* **INPUT MATERIAL**

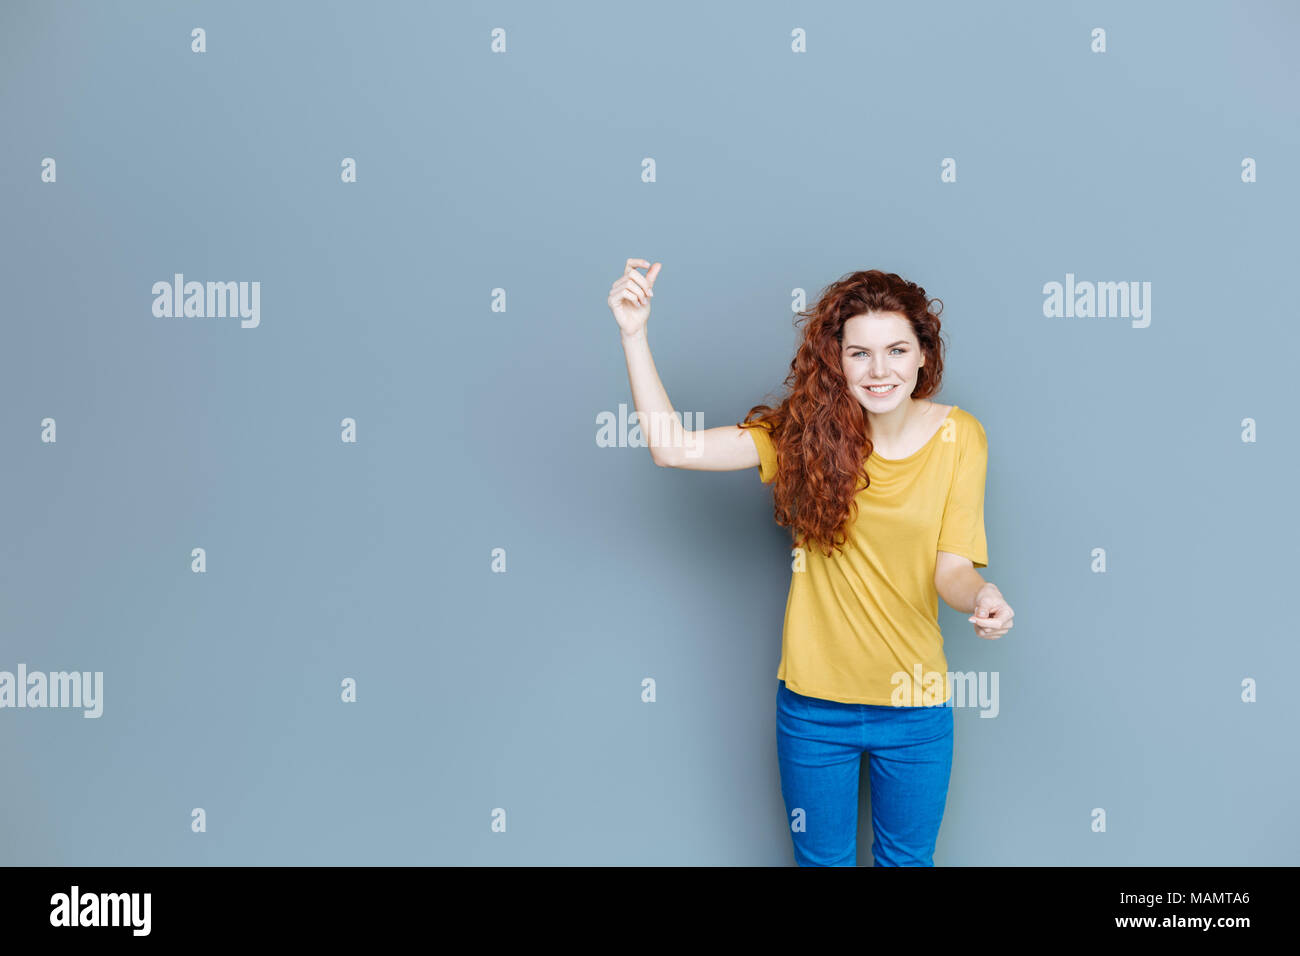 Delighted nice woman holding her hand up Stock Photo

...

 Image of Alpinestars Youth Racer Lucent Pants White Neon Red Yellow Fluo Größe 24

---

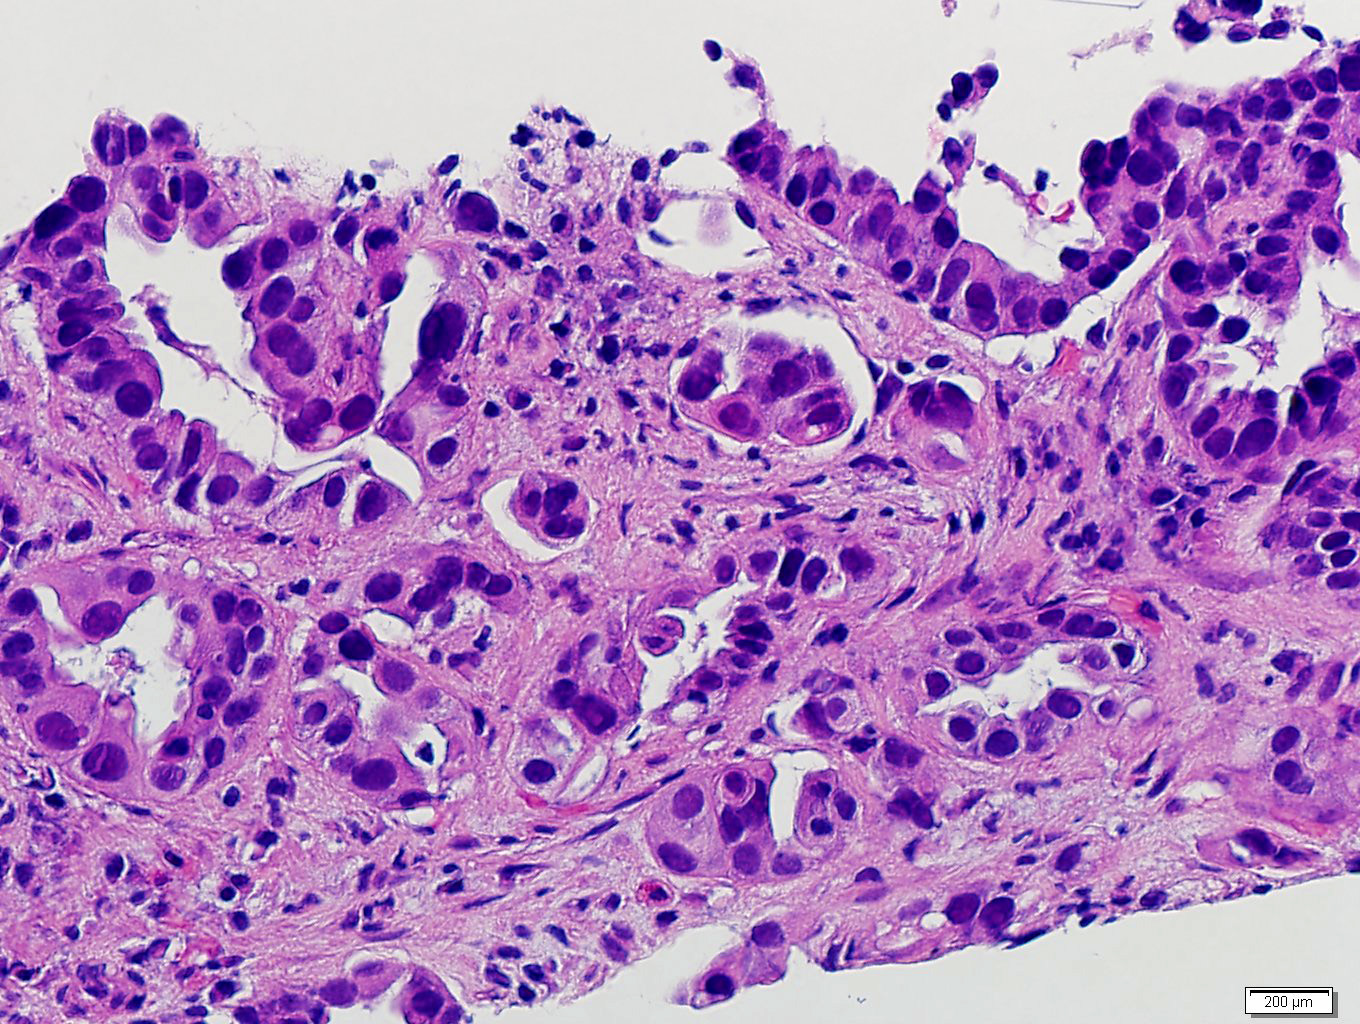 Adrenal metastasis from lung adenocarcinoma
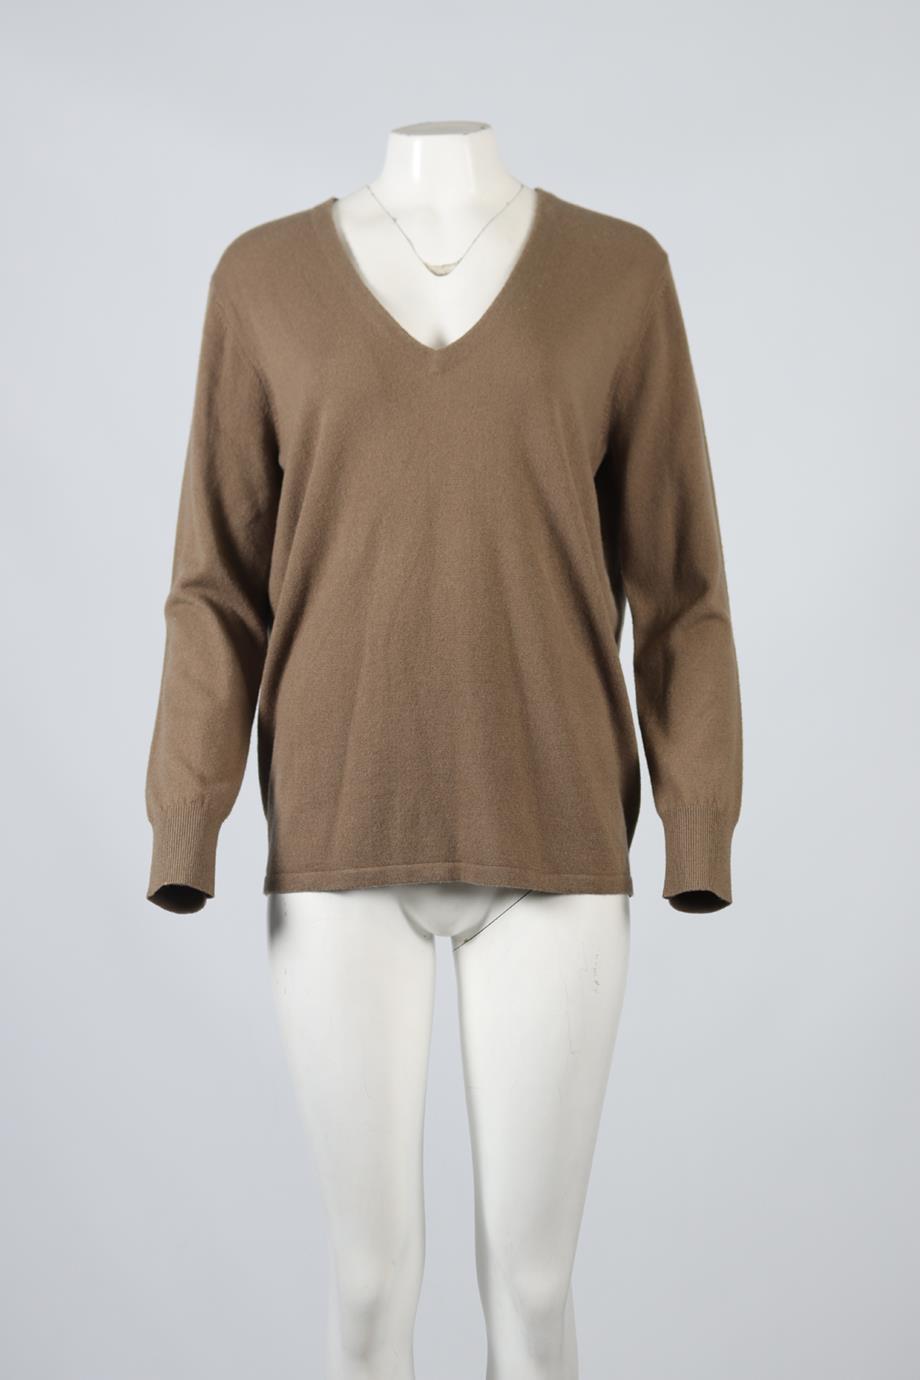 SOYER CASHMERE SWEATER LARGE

* **AIM OF THE EXERCISE**
Copy everything above from the line holding "Adrenal metastasis from lung adenocarcinoma" down to the line holding "SOYER CASHMERE SWEATER LARGE", both ends included, exactly as it stands and without the pictures.

* **WRITTEN SOLUTION**
 Adrenal metastasis from lung adenocarcinoma
 SOYER CASHMERE SWEATER LARGE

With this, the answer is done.